> _Instructions for the task_
Pictures stay out of the copy; output exactly the lines from the one containing "1960 Alco diesel" through the end of the material.

> _Provided material_
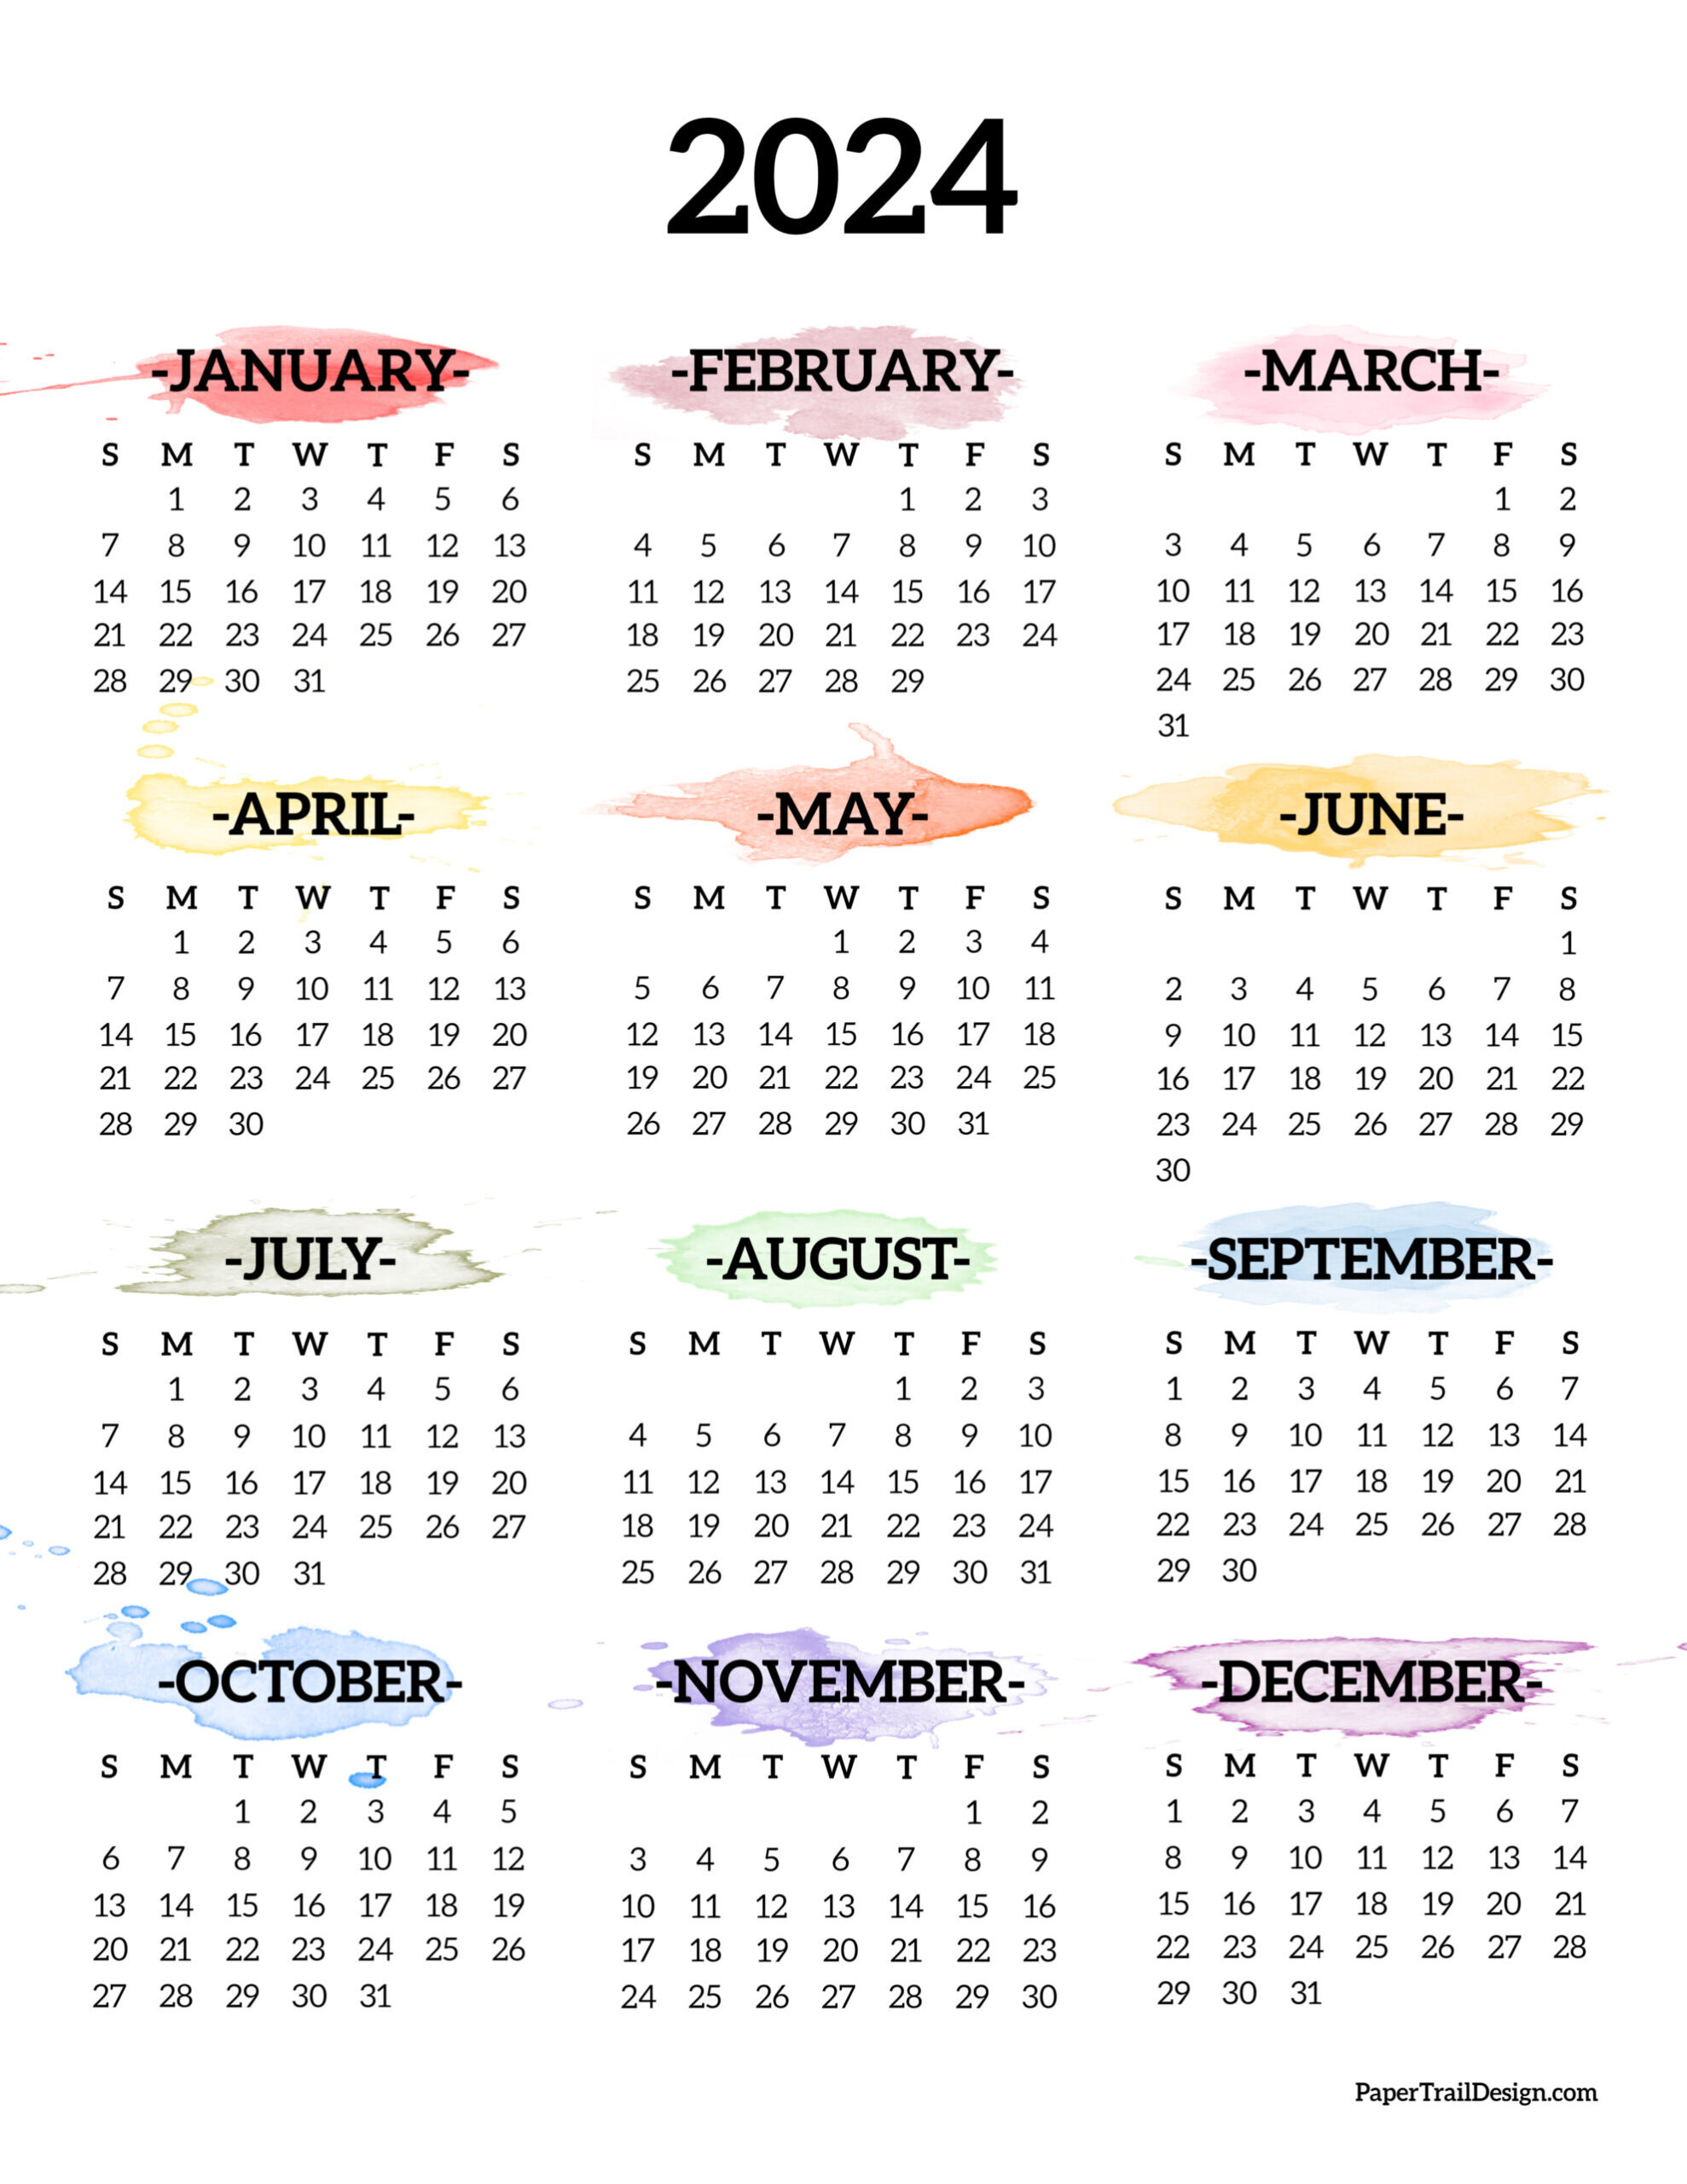 Calendar 2024 Printable One Page - Paper Trail Design for One Page Printable 2024 Calendar
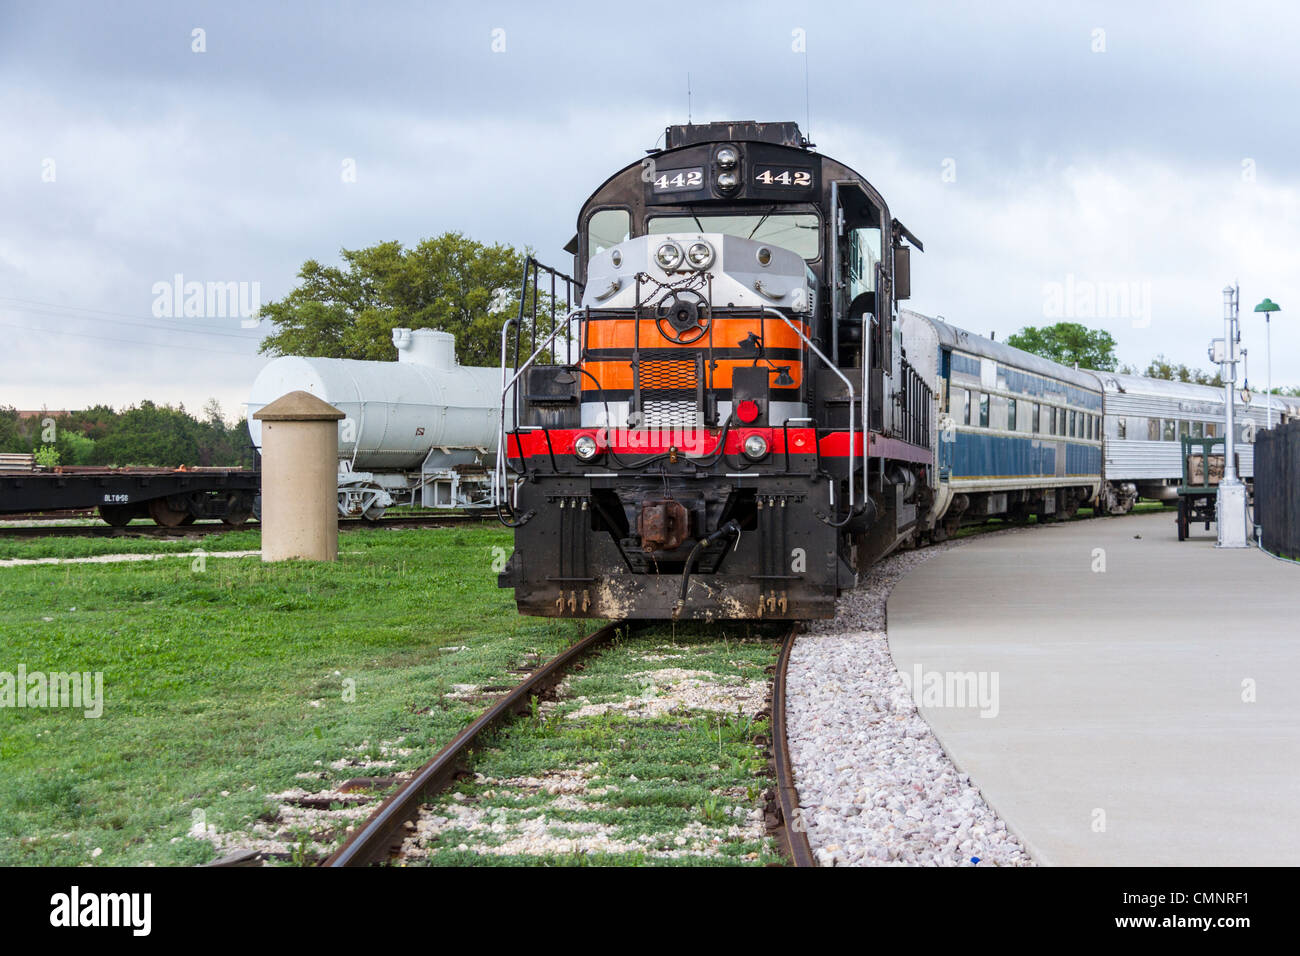 1960 Alco diesel locomotive engine number 442 in active service at Austin & Texas Central Railroad in Austin, Texas. Stock Photo
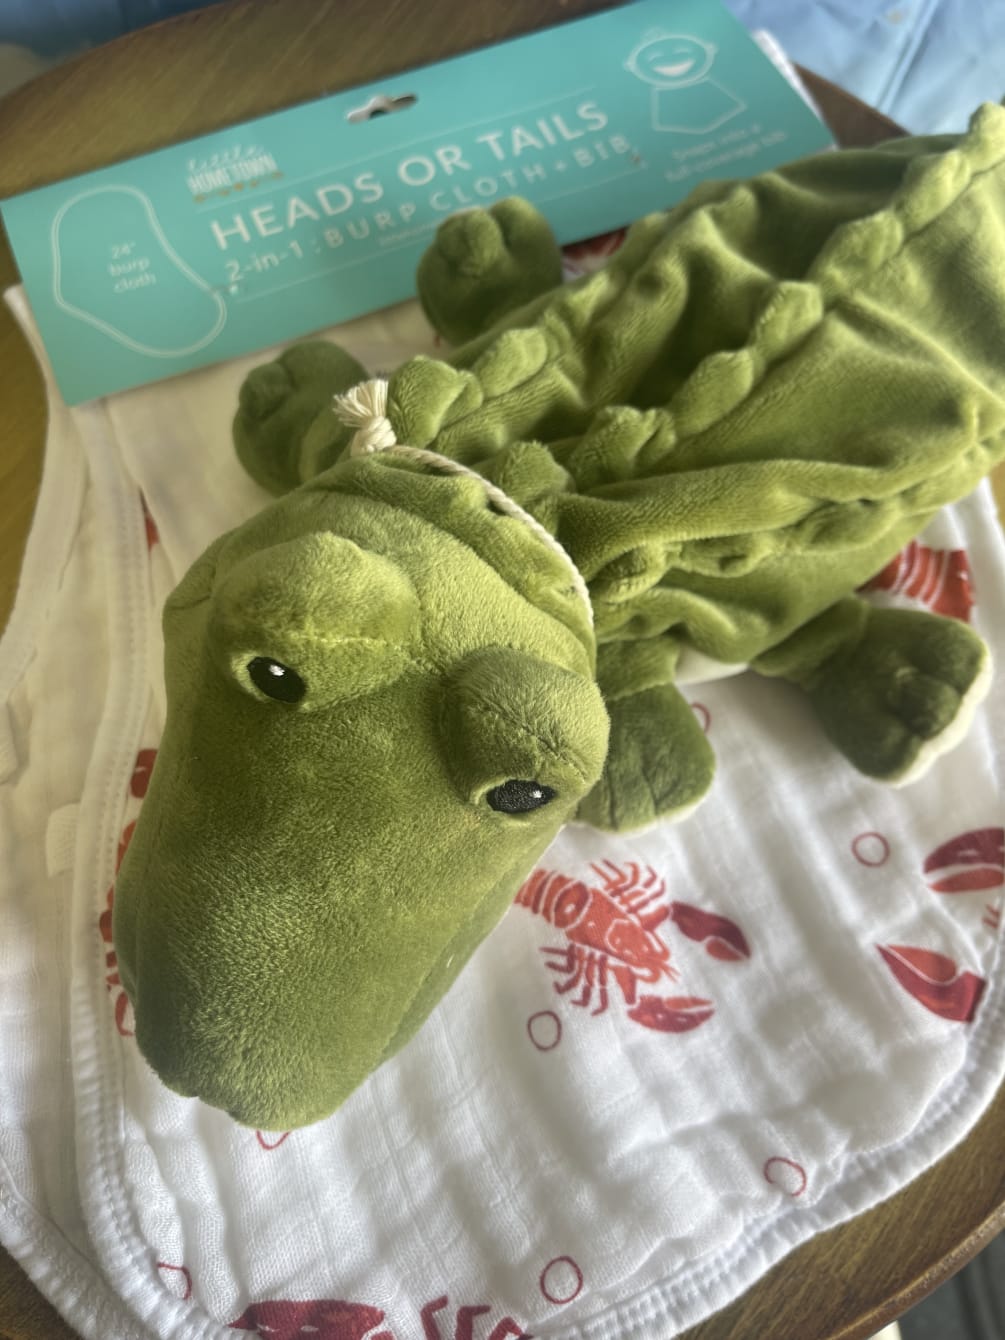 Bib cloth and Alligator warmie makes a great gift for the newest

> _Response area_
 1960 Alco diesel locomotive engine number 442 in active service at Austin & Texas Central Railroad in Austin, Texas. Stock Photo
 Bib cloth and Alligator warmie makes a great gift for the newest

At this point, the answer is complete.